:: TASK DESCRIPTION ::
These records contain pictures, which must be left out; copy exactly the lines from the one with "American Standard 4962.150, 4962.151" up to and including the one with "What Are Appropriate".

:: PROVIDED INFORMATION ::
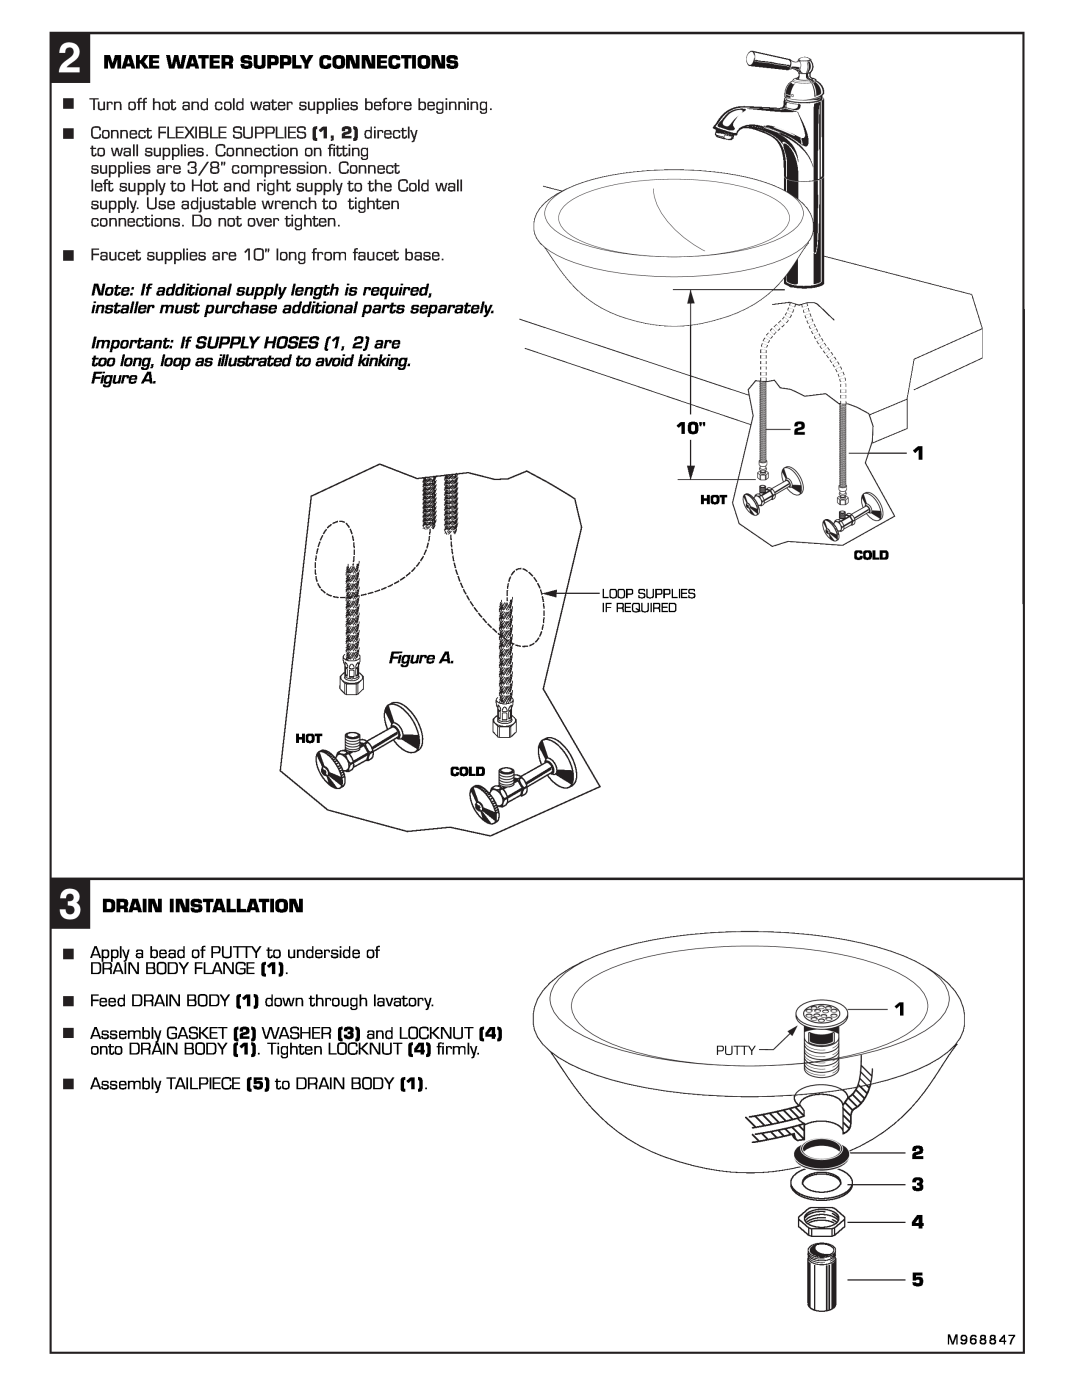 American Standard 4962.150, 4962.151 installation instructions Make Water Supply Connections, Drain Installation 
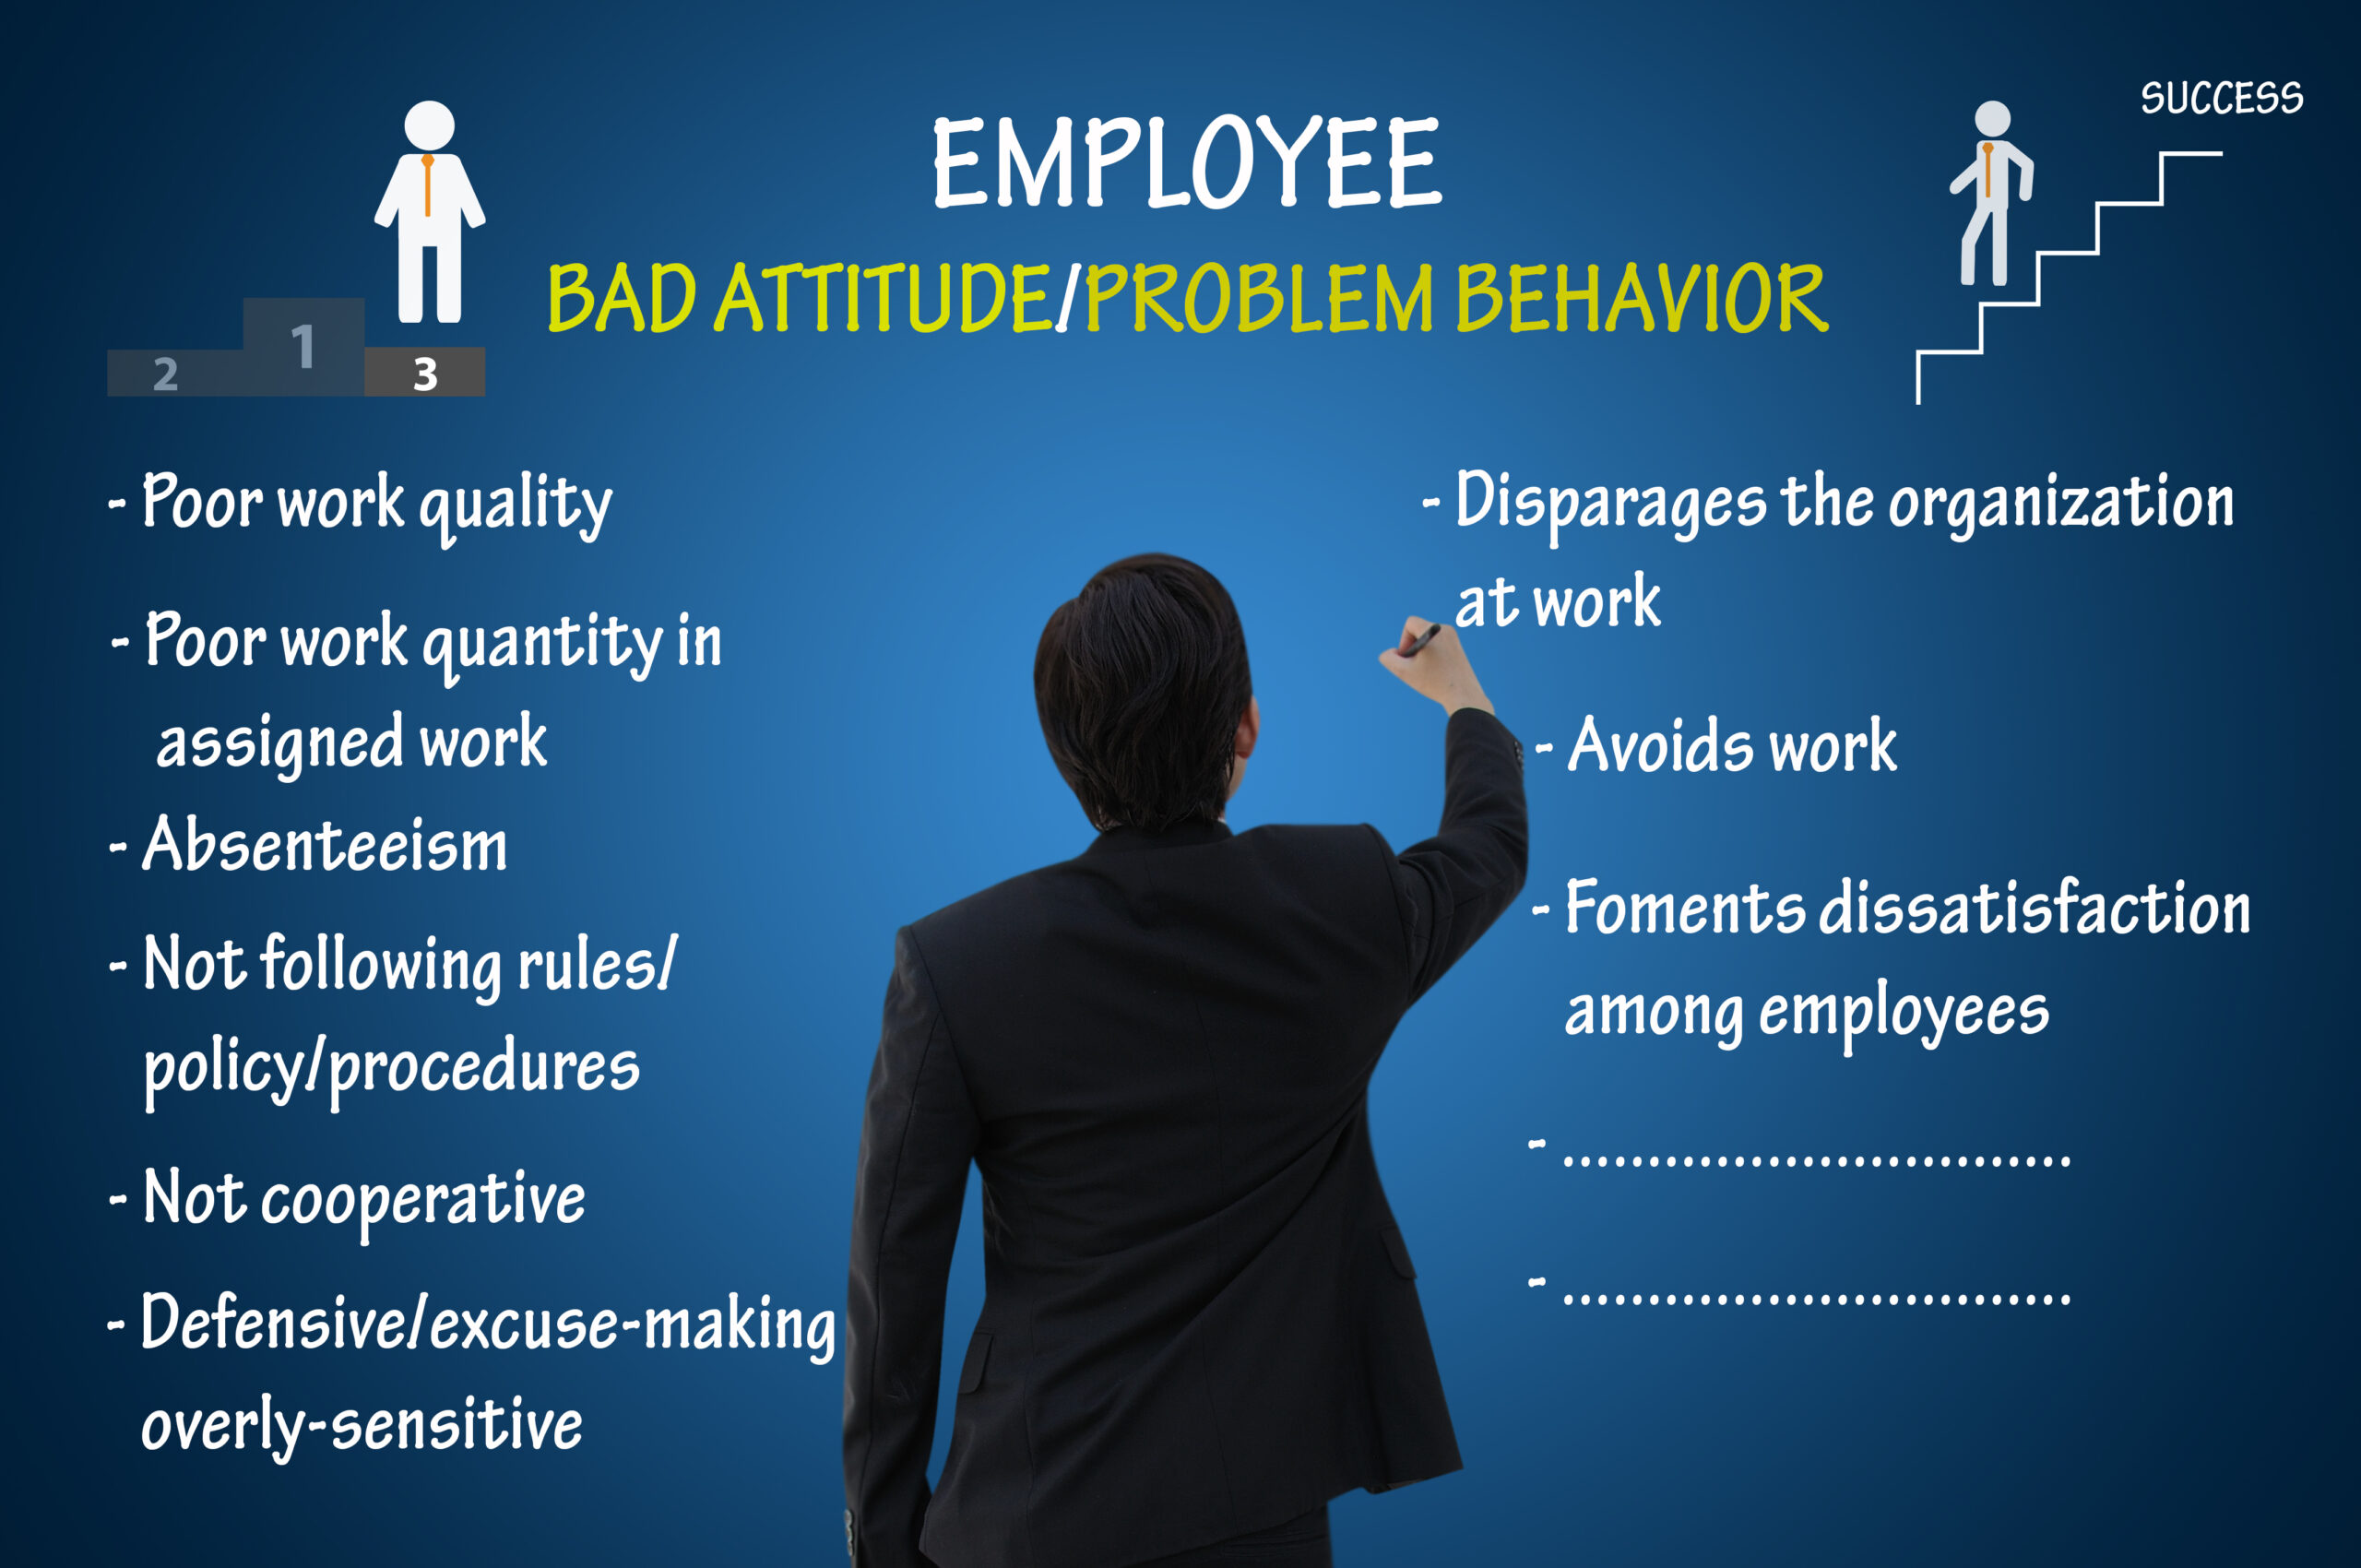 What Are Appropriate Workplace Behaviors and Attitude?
* * *
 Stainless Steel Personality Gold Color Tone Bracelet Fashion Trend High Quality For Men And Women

:: SOLUTION FOR THIS TASK ::
 American Standard 4962.150, 4962.151 installation instructions Make Water Supply Connections, Drain Installation 
 What Are Appropriate Workplace Behaviors and Attitude?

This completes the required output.